# Need a Graphic Designer!



## PrettyBoy (Oct 17, 2009)

Hey i was looking for someone to do graphic designs for my tshirt company "Pretty Boy" I love to make shirts, IM just not the best drawer, I need someone to look at my ideas and re create it.

Will pay per design.

Thanks


----------



## ambitious (Oct 29, 2007)

Let's see your ideas.


----------



## PrettyBoy (Oct 17, 2009)

Wel I have one logo right ow i wanted to try and be edited. how would you like me to send it to you.


----------



## balla (Sep 11, 2009)

send me your idea prettyboy.
i can try to realize it for you.
[email protected]


----------



## hostingdiva (Mar 31, 2006)

I can hook you up with the designer that did the work for this dude: mountaindude.com

PM if you're interested.


----------



## AeresClothing (Sep 3, 2009)

I believe this belongs in the Classifieds section but meh

Hit me up if you need work done.


----------



## pgconversion (Apr 24, 2009)

Hi, I think our designer can help you redraw and redesign the artwork and convert the artwork into
vector file with high-quality.If you need any help,please let us know and we are very willing to help you!


----------



## stayroskoykoy (Oct 17, 2009)

I am on to my grap. desig. team can help you.

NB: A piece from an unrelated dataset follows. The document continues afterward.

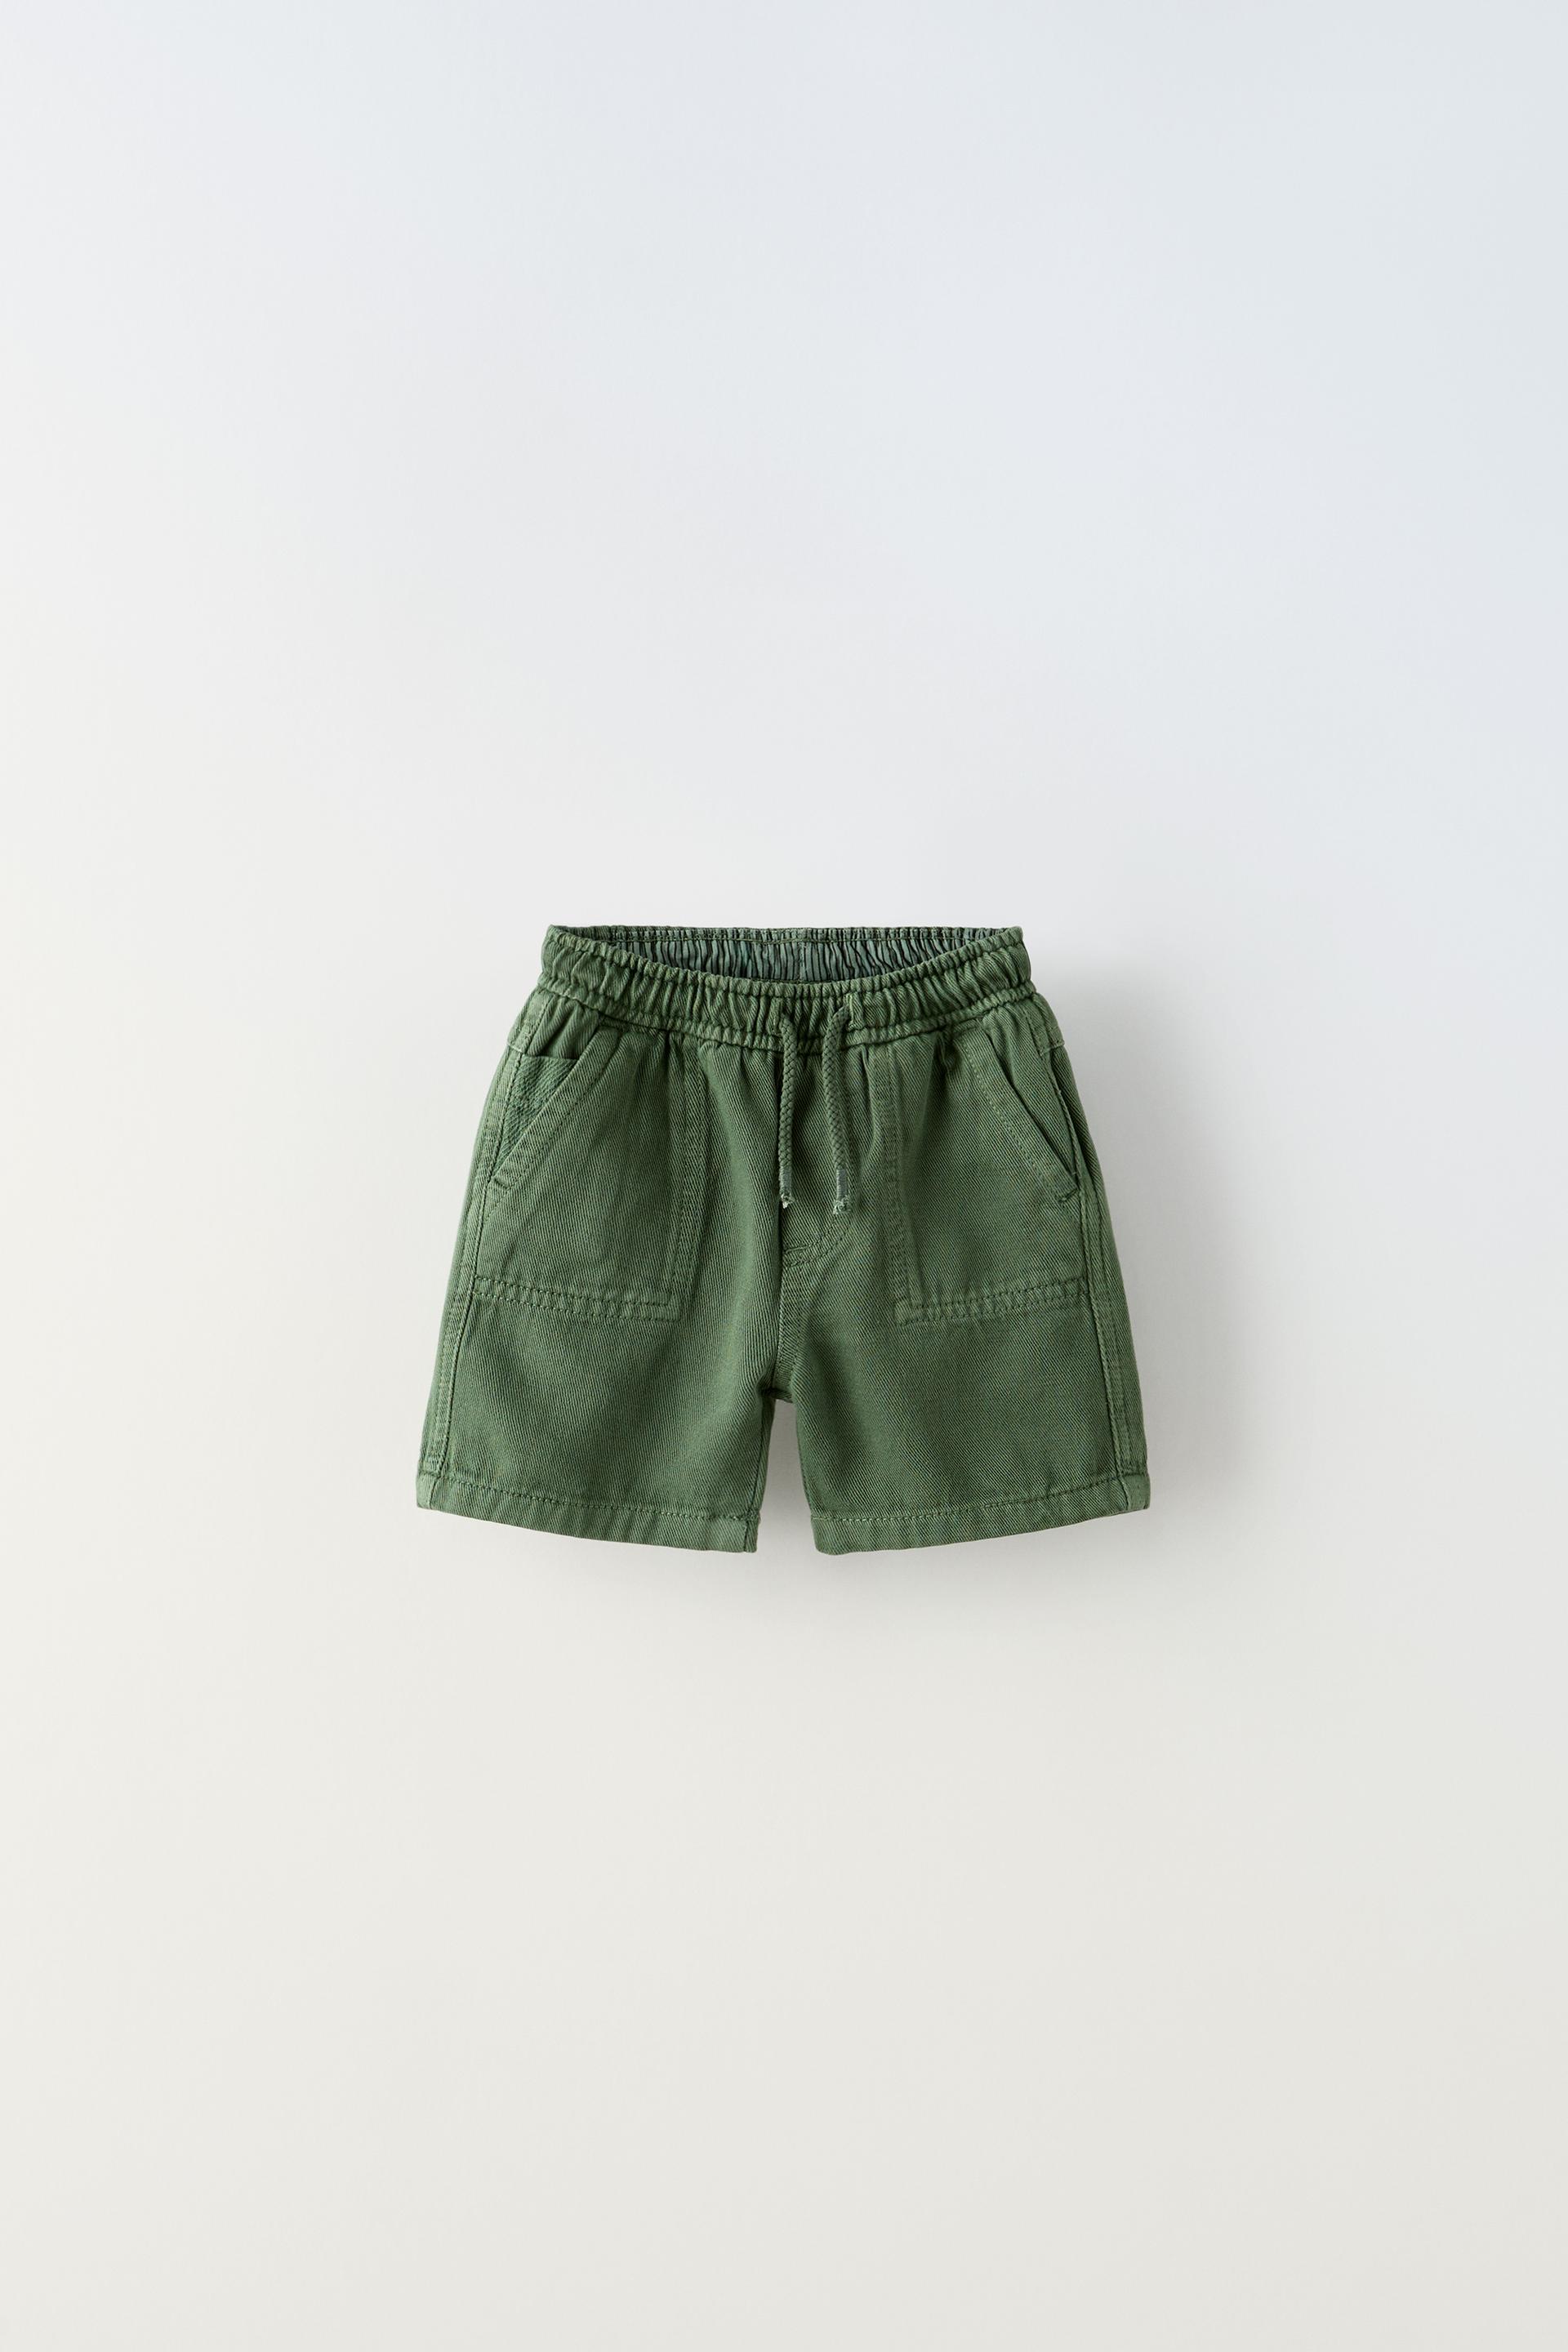 C&A MULTIPACK 2 PACK - Denim shorts - green - Zalando.de

If you are interesting just hit me


----------



## sunnydayz (Jun 22, 2007)

:: Service request post moved to the proper Service Referrals/Recommendations section of the forum. Read more here  ::​


----------



## sunnydayz (Jun 22, 2007)

I have gone ahead and moved this thread to the referrals section so members can answer. 

Just a note to our members who have responded though  When a post is in the regular sections of the forums, and not in the referrals section, if you could first report it to us so we can move it before responding that would be awesome, so that it stays within the no self promotion rules of the forum.


----------